As someone who is 5ft 2in and a holiday skier, outerwear can be a disaster. The above scenario took place during an Easter trip. I had struggled to find a decent outfit at the last minute: hence my very puffy purple jacket and black trousers cut for a portly giant. I vowed that the next time I went skiing I would have snow gear that was not just protective, but fit for off-piste viewing too. Earlier this month, that “next time” arrived: a coaching clinic at the ski dome in Hemel Hempstead. Enter Moncler.
Now famous as the puffer jacket of choice for ladies everywhere from Chelsea to Courchevel, Moncler in fact has roots deep in the world of mountain climbing and skiing. Originally known for making quilted jackets and sleeping bags for mountain expeditions, it was the official supplier of the French national downhill ski team at the Grenoble Winter Olympics in 1968 and in the past 40 years has broadened its horizons even further. Its current ski label, named Grenoble, represents only about 10 per cent of its total product range, which also includes Gamme Rouge, the haute couture line by designer Giambattista Valli. Grenoble sports the Moncler signature: the use of non-traditional performance fabrics – think wool tweed – to create garments that work on and off piste.
My test case was an Irrenberg jacket. This is standard Moncler: black quilted nylon, cockerel logo on the shoulder, waist nipped in by an elasticated belt. At £780, it is at the low end of the price range for this line, which can go over £2,000 for jackets embellished with fur and wool. From the outside, it looks like a simple everyday winter weather jacket for the city. (At the office there was much envy among even non-skiing colleagues, who simply wanted to wear it to work.) But it comes with frills: a traditional powder skirt inside; a double zip so you can close the jacket just as far as your waist, rather than all the way from hip to neck; fleece-lined pockets; a hood big enough to cover a helmet and a turtleneck for added warmth.
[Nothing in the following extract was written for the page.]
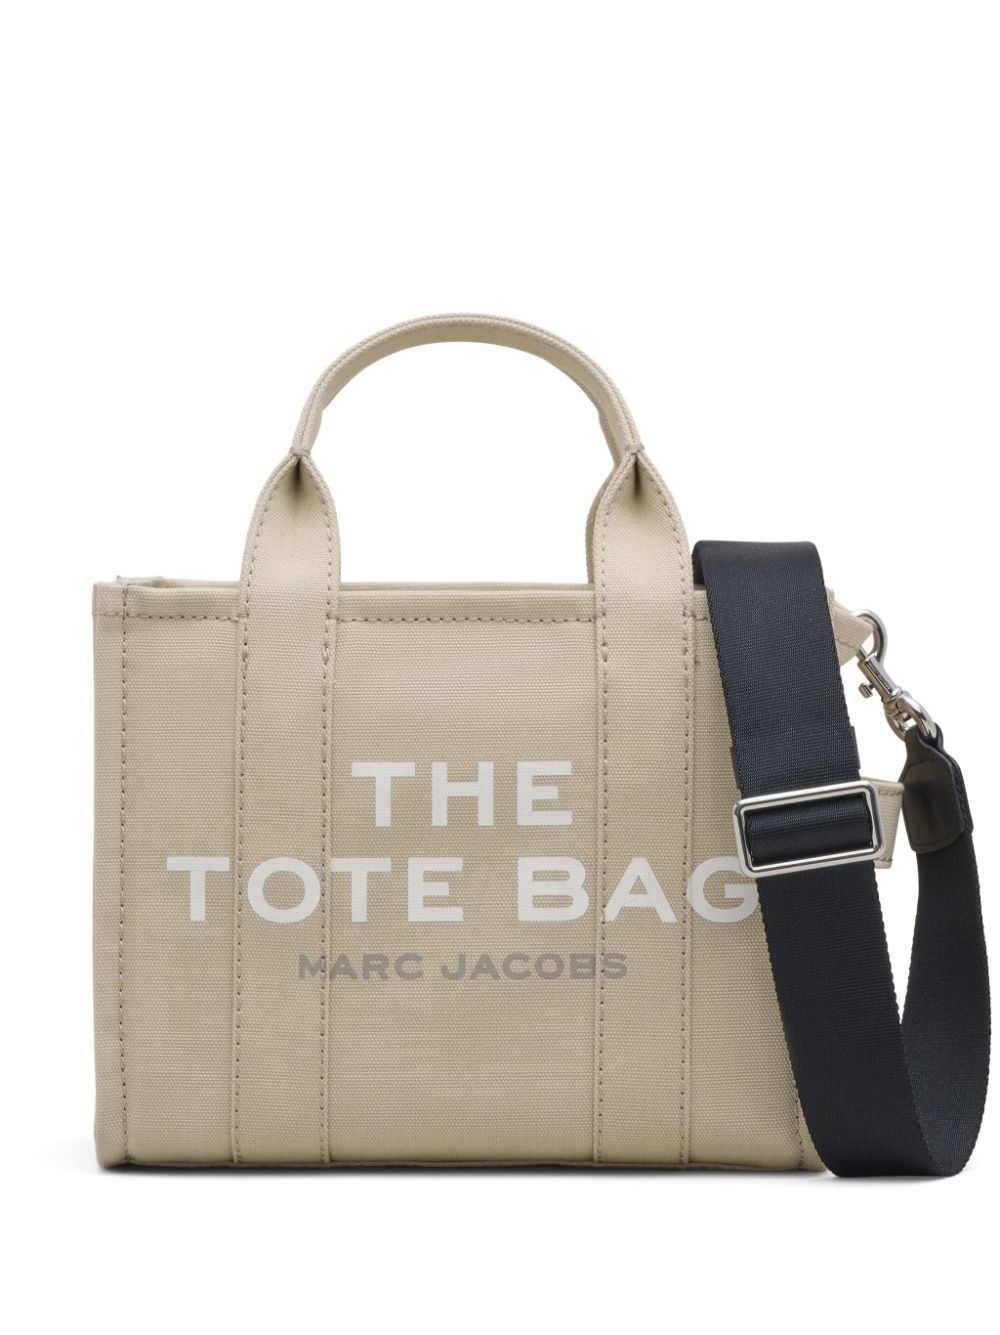 Bolso Marc Jacobs the tote bag pequeño beige - 210.00 € Bolsos y zapatos de  mujer, marcas de moda online, Marc Jacobs, Zadig&voltaire, coach, Veja,  Karl lagerfeld, y muchas marcas más

Plus waterproof pockets inside and in the sleeve for phones and keys. Missing were a few features of more technical jackets, such as clips that hook on to your trousers to give you extra protection from powder snow (and some Grenoble jackets have an internal gaiter that zips on to trousers).
Still, given that I wasn’t waist-deep in powder, this was not a big issue, and on the slopes the jacket was both warm and movement-friendly. Watching myself on playback (the clinic insists you see your own mistakes) I was delighted to note that no matter how messy my skiing, I still looked sharp. In fact, I was so delighted that back in London I made a beeline for the Moncler shop to try on more jackets, including the Reidberger (£1,180) and the Skilbrum (£1,085). Made with bi-stretch technical nylon over feather down, they were both beautiful, with a body-conscious shape, and unlike the Irrenberg they come in colours other than black: the Reidberger in a chic blue, and the Skilbrum in light or steel grey or dark green. The Skilbrum, which also has a removable fur-lined hood, is belted, with quilting on the back and slim-fit arms.
Still, there’s no getting away from the fact that this is an Italian luxury garment, thanks to the sizing. Which is, to be blunt, on the small side. Be prepared to go up a number, and be comforted by the fact no one looking at you will be able to tell.